Museums – and great art – were understood to give pleasure as well as instruction. The Enlightenment was concerned with the pursuit of happiness, not just for oneself but for everyone. The philosophes believed that the main purpose of government should be to make its people happy, and in 1776 the American Declaration of Independence claimed the pursuit of happiness as an inalienable right. A decade later, Jeremy Bentham, a true child of the Enlightenment, devised the ‘felicific calculus’, an algorithm for working out just how much pleasure any specific action was likely to bring. This firmly consequential view of morality can be traced back to 1725, when the Glasgow-based philosopher Francis Hutcheson declared: ‘That action is best, which accomplishes the greatest happiness for the greatest numbers.’ Those who shared this view implicitly believed that the goal of life was happiness in this world rather than salvation in the next. The belief was made explicit by atheists such as Baron d’Holbach, whose Système de la nature (1770) reproached the clergy for making people’s lives miserable while comforting them with the delusory hope of a happier life in the hereafter. The mainstream Enlightenment, by contrast, was not against religion as such: what its advocates wanted was a more humane religion that rested on reason and experience rather than authority, and which brought happiness in this world too.

Robertson stresses just how revolutionary this new concern with happiness was, coming as it did after centuries of teaching that life was a vale of tears. He calls it ‘a tectonic shift in outlook, a far-reaching change in mentality’ and ‘sensibility’, as the feelings of others came to matter as never before. To show how durable that change has been, he could have pointed to today’s exemplars of this ideal: Richard Layard’s Wellbeing Programme at the LSE, for instance, which makes the case for measuring national happiness alongside calculations of GDP.
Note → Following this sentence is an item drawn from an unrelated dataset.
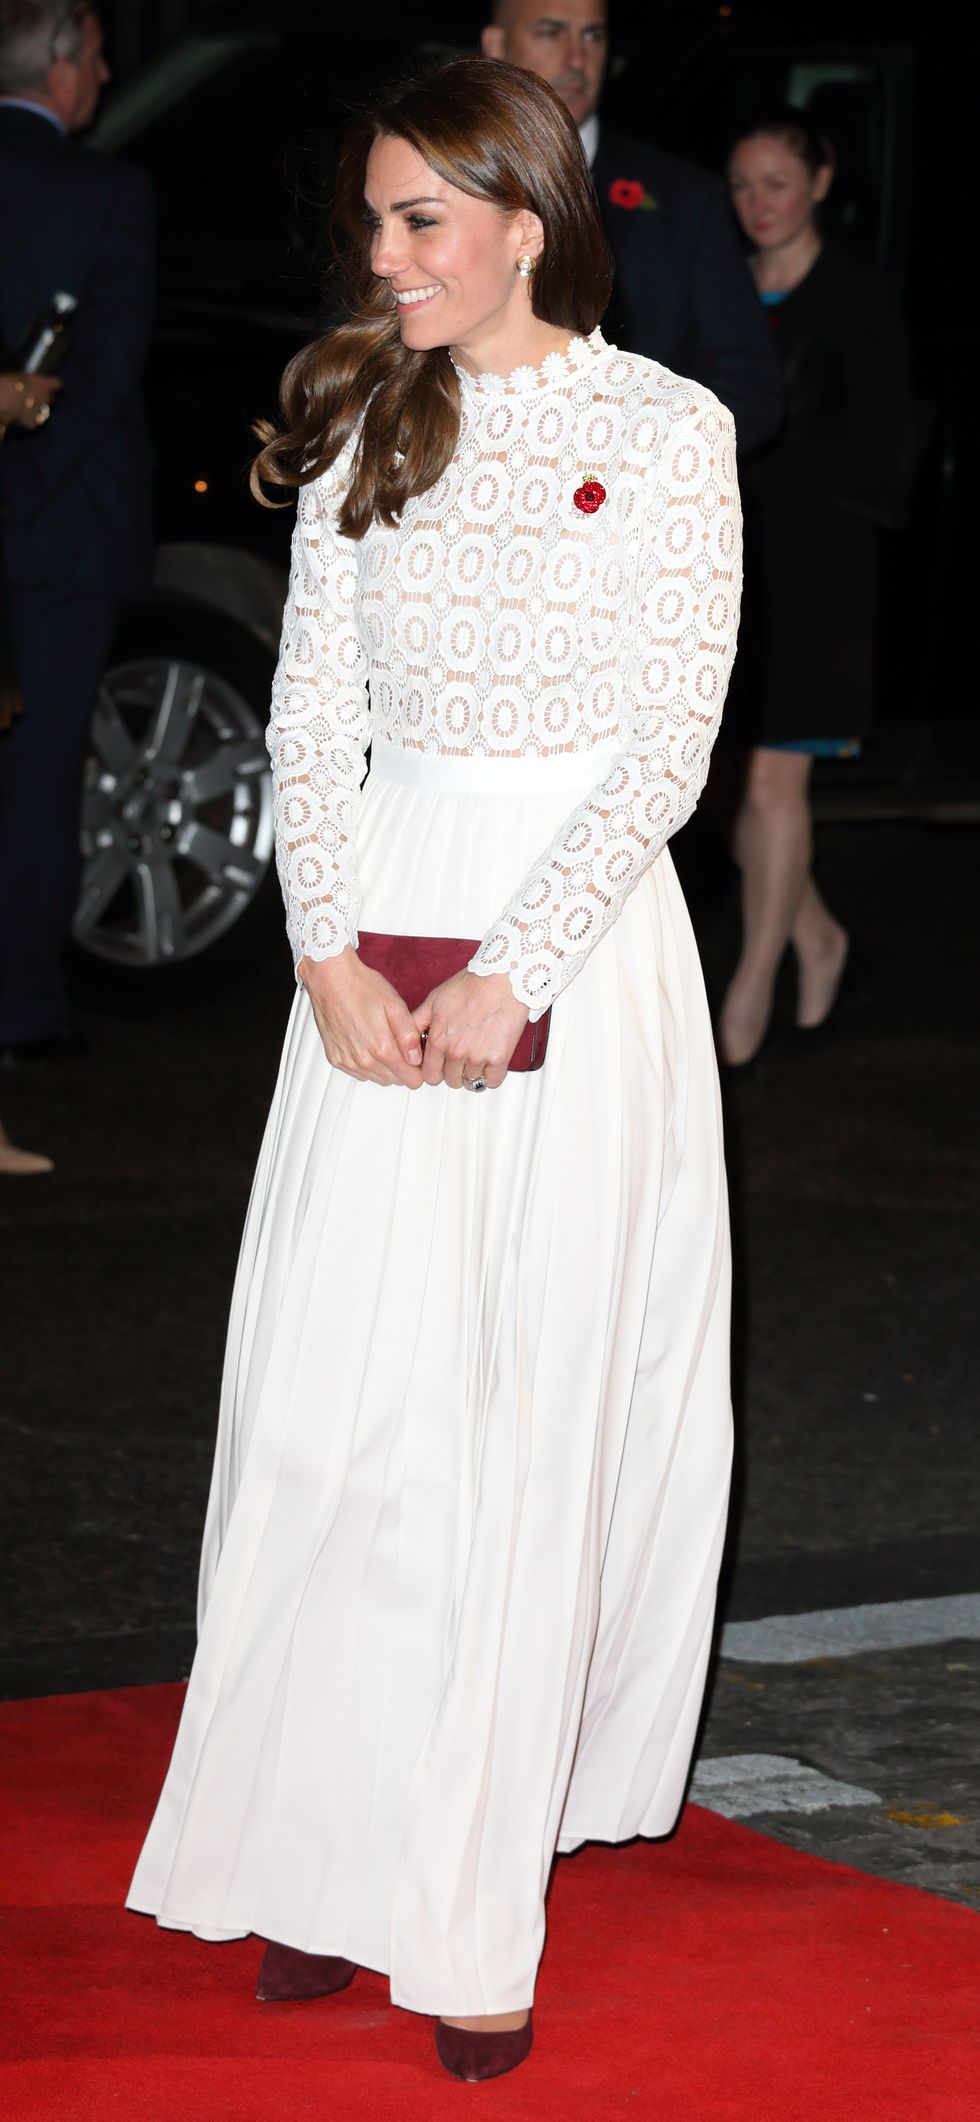 Kate Middleton wearing Self Portrait at a film premiere
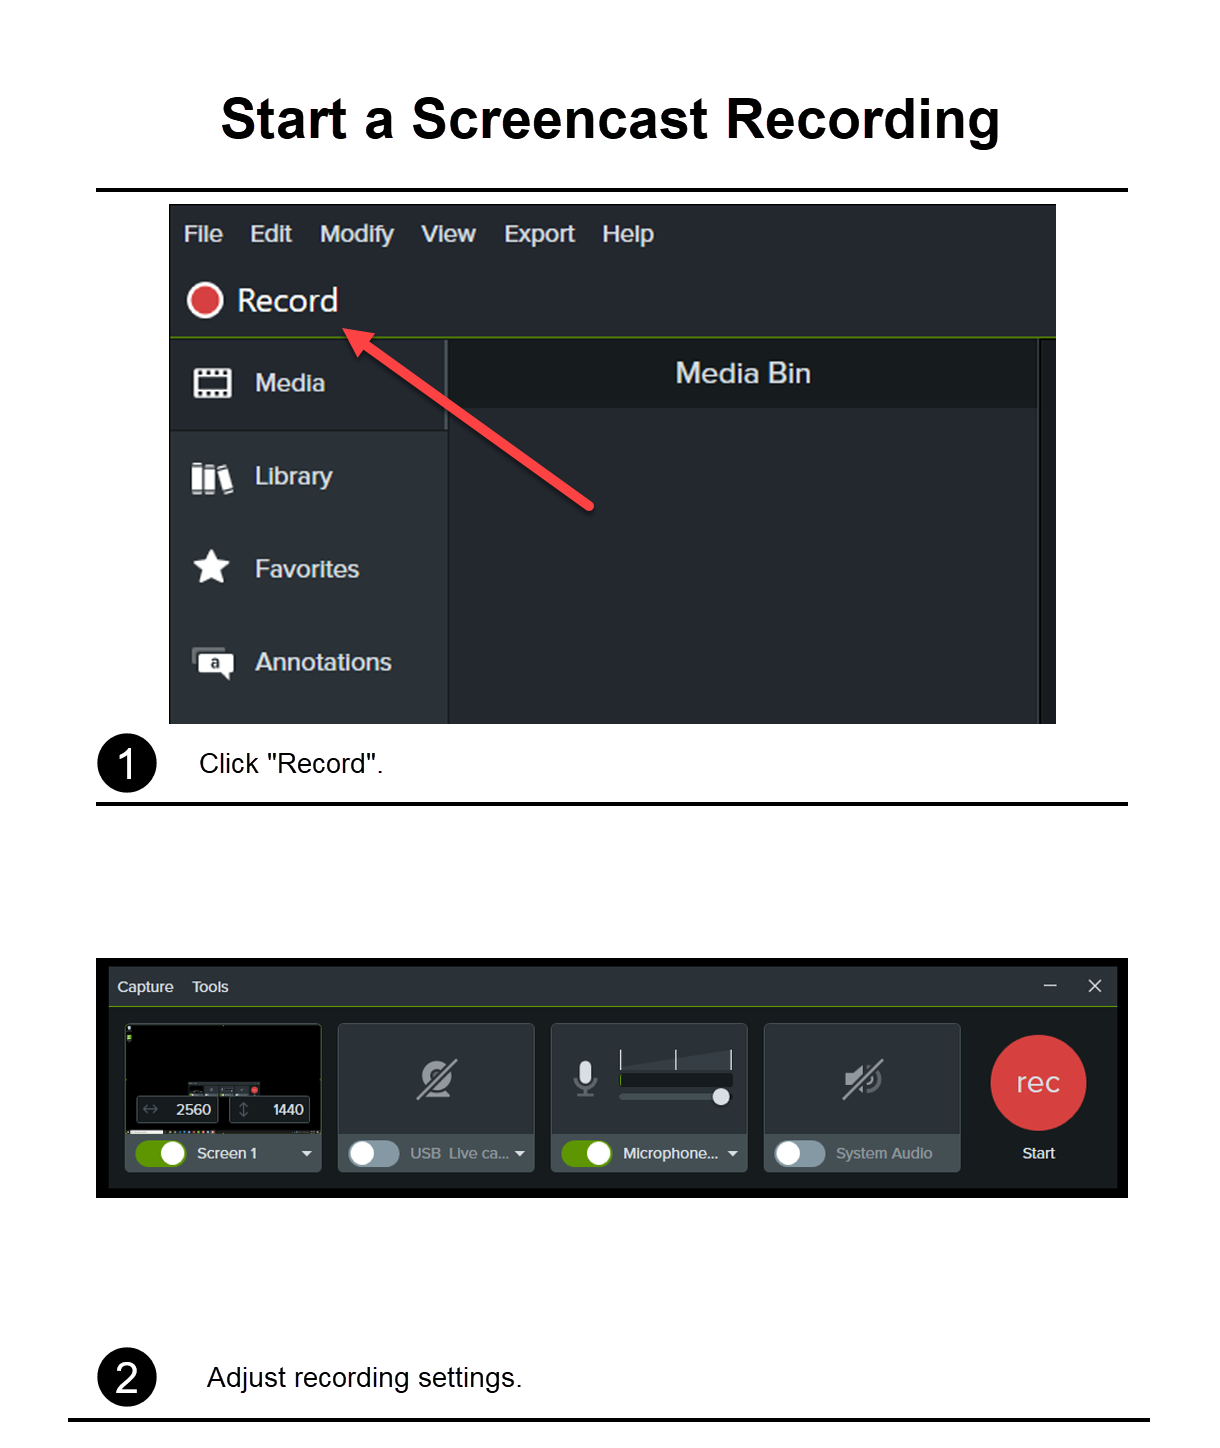 Start a Screencast Recording

National happiness, of course, is a difficult thing to recognise, let alone measure, and it isn’t always clear what past philosophers meant when they spoke about making people ‘happy’. In part, the ideal they were advancing was a negative one: they hoped to spread happiness by diminishing unhappiness, removing such obvious causes of misery as slavery, judicial torture and brutal criminal codes. Voltaire, Guillaume Raynal and Diderot denounced slavery passionately. The Italian jurist Cesare Beccaria opposed torture and the death penalty – though, as Robertson points out, the alternative of forced labour was almost as lethal. Reforming the penal system was a major preoccupation of the so-called enlightened despots, the Holy Roman emperor Joseph II and Catherine the Great.

Robertson’s​ own sympathies are clear. The Enlightenment, he believes, has an urgent message for our time. Human happiness can only be attained by discarding false beliefs, fake news and oppressive institutions. An honest discourse arising from a rational and empirically based understanding of human nature and society is essential. Robertson shows that, for the enlightened, ‘reason’ was not a matter of cold calculation but expressed itself in sociable argument – in provincial academies, ‘philosophical’ societies, Masonic lodges and coffee houses. But the Enlightenment was far from being concerned with reason alone: sentiment and sympathy mattered just as much.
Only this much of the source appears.